Limitations and Stealing Like an Artist

I am no artist, but I want to create things, to be inspired, to be a little obsessed, to make connections that no one else sees. I get obsessed about things now — especially music —  but not the same as I did before the advent of social media.

So, in the spirit of leaving Facebook and limiting my social media access soon, Austin Kleon‘s Steal Like an Artist has some great points to make in service of becoming a little more creative, and a little less concerned about the daily limitations I face against pursuing the things I want to do and the person I want to be. Some major points in his book (with some subpoints) that I found helpful:

  1. “Write the book you want to read.”
    • This immediately struck me, because I find it difficult to not write without an audience in mind (and trust me, I know I don’t even have an audience). But I can’t help myself. A larger quote from that section of the book: “If all your favorite makers got together and collaborated, what would they make with you leading the crew? Go make that stuff.

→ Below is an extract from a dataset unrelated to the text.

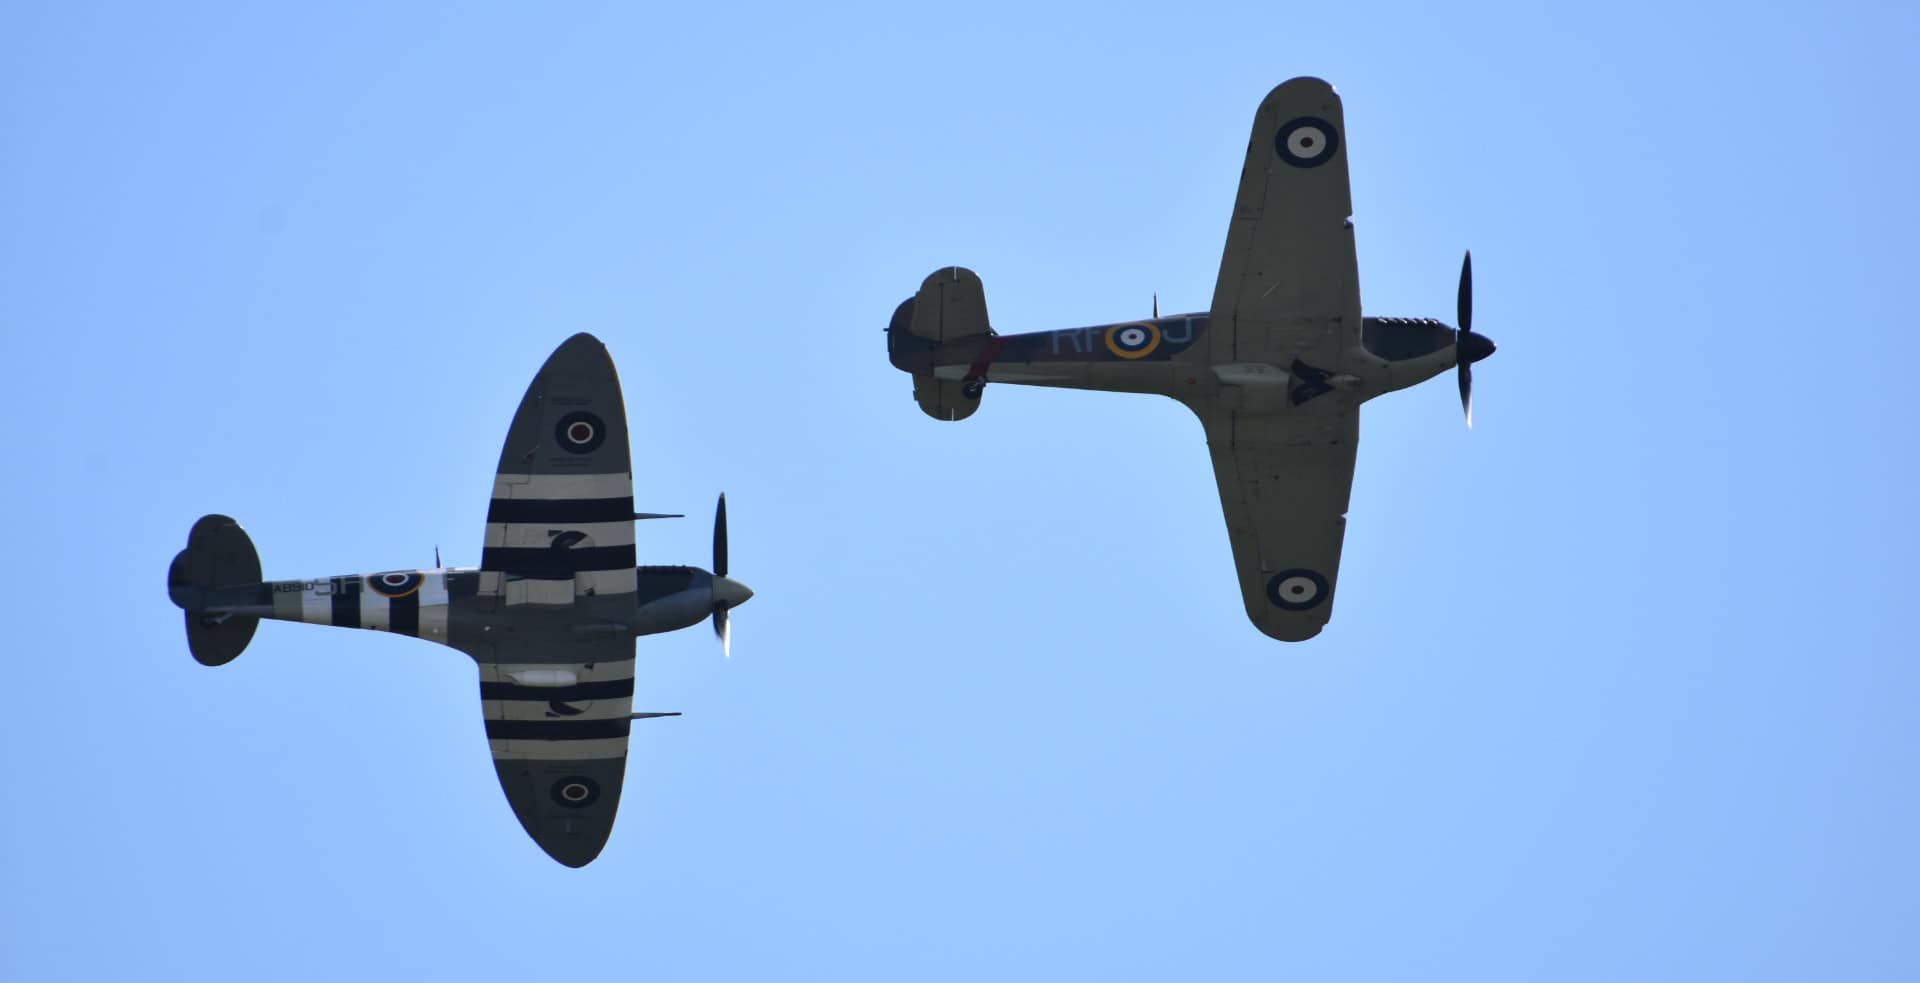 Two Spitfires flying overhead

The manifesto is this: Draw the art you want to see, start the business you want o run, play the music you want to hear, write the books you want to read, build the products you want to use — do the work you want to see done.”
  2.  “Be boring. (It’s the only way to get work done.)”
    • I’m constantly frustrated that I don’t get the opportunity to make my living doing something I absolutely love. But maybe that’s not the point: “The trick is to find a day job that pays decently, doesn’t make you want to vomit, and leaves you with enough energy to make things in your spare time.” And this leads to the next point…
  3. “Creativity is subtraction.”
    • The point here is not having infinite resources and time and availability. The truth is, perhaps, that the best kinds of work come from constraints (Richard Beck just posted about this recently on writing books). Austin Kleon writes: “In this age of information abundance and overload, those who get ahead will be the folks who figure out what to leave out, so they can concentrate on what’s really important. Nothing is more paralyzing that the idea of limitless possibilities. The idea that you can do anything is absolutely terrifying.”